Я хочу пояснить последнее замечание. Предположим, вам показали на экране атаку, заверив, что она снята во время войны, на поле боя. Вы просмотрели эти кадры с глубоким волнением, не замечая, не желая заметить некоторых несообразностей. Какие могут быть сомнения, когда перед вами – сама жизнь! Вы спрашиваете, где и когда происходила эта атака, удалось ли выяснить имена ее участников и т. д. И вдруг выясняется, что за хронику военных лет вам выдавали кадры только что отснятого фильма. Не правда ли: ваше волнение и ваш интерес срезу приобретают другой, прямо противоположный характер. Вы возмущаетесь, и вас интересует лишь одно: зачем нужна была такая мистификация? И если вы слышите в ответ, что ваше возмущение неуместно, так как на просмотренных кадрах хорош пейзажный фон и есть несколько естественных фигур и так как режиссер искренне выразил свою индивидуальность, вы не понимаете: всерьез это говорится или в порядке новой мистификации?

Защитники книги В. Ковалевского «Тетради из полевой сумки», на которой я сосредоточил внимание в своей статье как на примере имитации документальности, разделились в ходе сегодняшнего обсуждения на две группы. Одни отвергают мое обвинение, считая его поклепом, другие принимают, не считая его обвинением. Первую группу возглавляет Н. Атаров, заявляющий, что я ловлю В. Ковалевского лишь на мелких, совершенно несущественных «неточностях», которые не дают права сомневаться в документальности его книги. Если и поверить, что все они – мелкие, одно остается непонятным: почему они, в их совокупности, заставили Н. Атарова повернуть всю его аргументацию на 180 градусов? В своей рецензии он писал: «Достоверность – вот единственное условие. Ничего даже не надо, нельзя домысливать до конца… Так, непридуманно, без промежуточной работы художника, одной его памятью и болью… тетрадь за тетрадью, – создавалась эта книга…» Теперь он делает упор именно на «промежуточную» работу художника, на его право домысливать факты. Готов признать отдельные «неточности» и редактор книги, например в записи В. Ковалевского, датированной 29 февраля 1945 года (впрочем, он до сегодняшнего дня не замечал, что неточна и сама дата: 1945 год не был високосным).
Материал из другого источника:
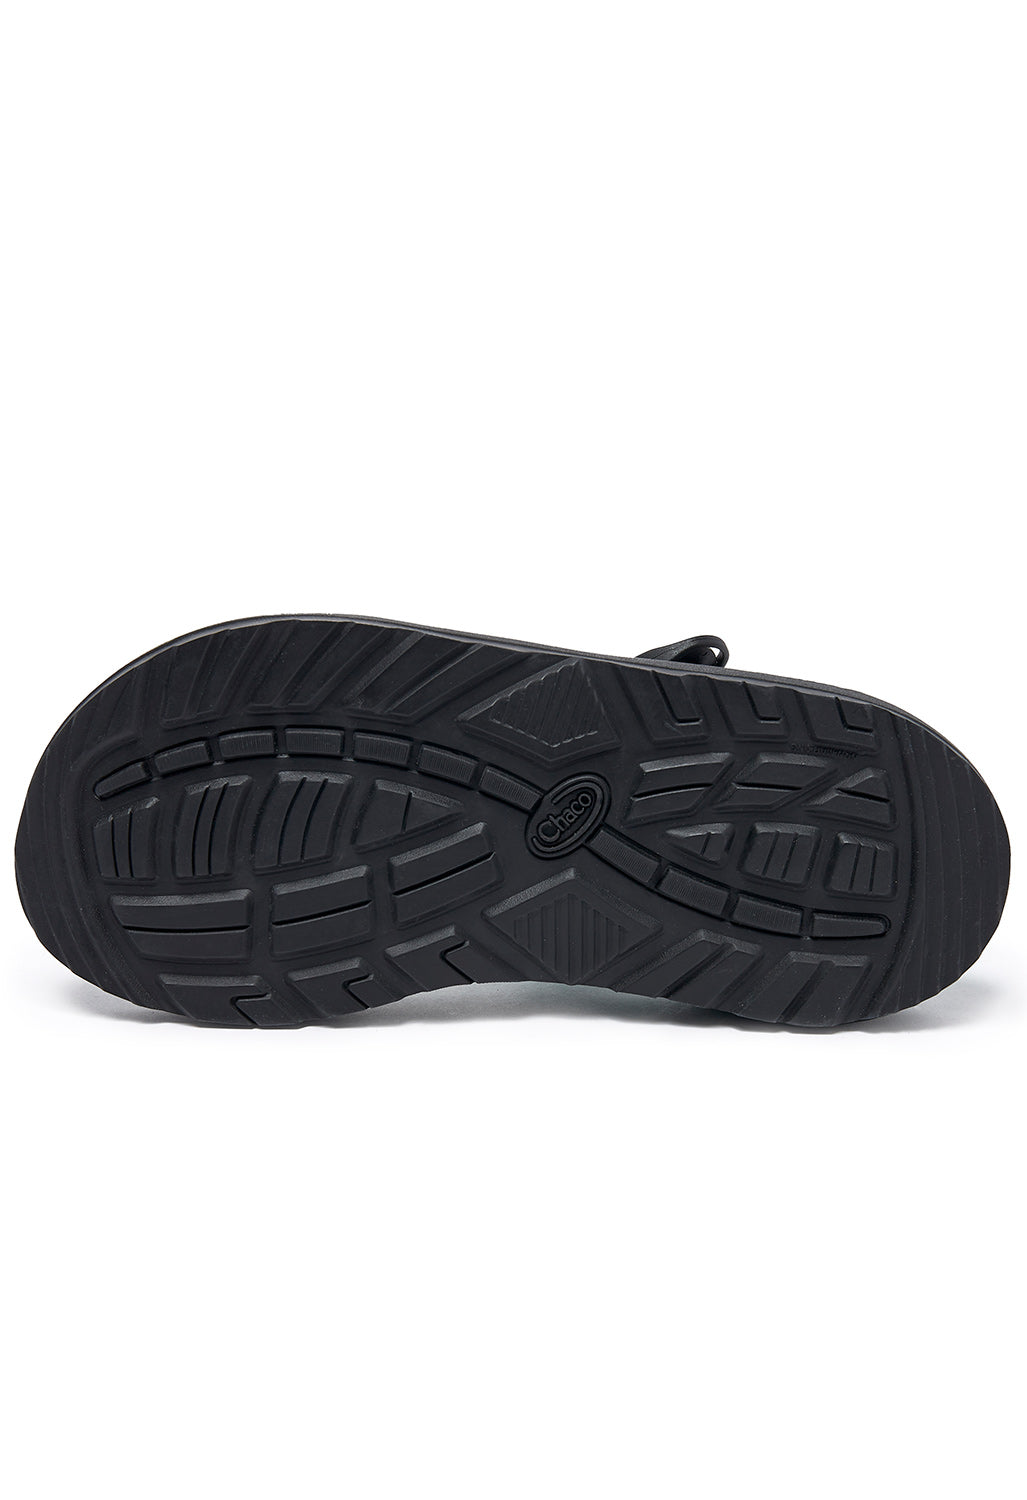 Chaco Men's Z1 Classic Sandals - USA / Jobfish

Но от него мы неожиданно узнали, что, помимо той первой тетради, об утрате которой сообщается в книге, ее автор утратил на фронте и должен был восстанавливать через много лет по памяти, то есть сочинять, заново еще две. Между тем Н. Атаров писал в цитированной рецензии о В. Ковалевском: «…Он жил на войне, заполняя своими ежечасными впечатлениями тетради – первую потерял, но, обзаведясь полевой сумкой, сохранил и донес до нас все остальные» 1.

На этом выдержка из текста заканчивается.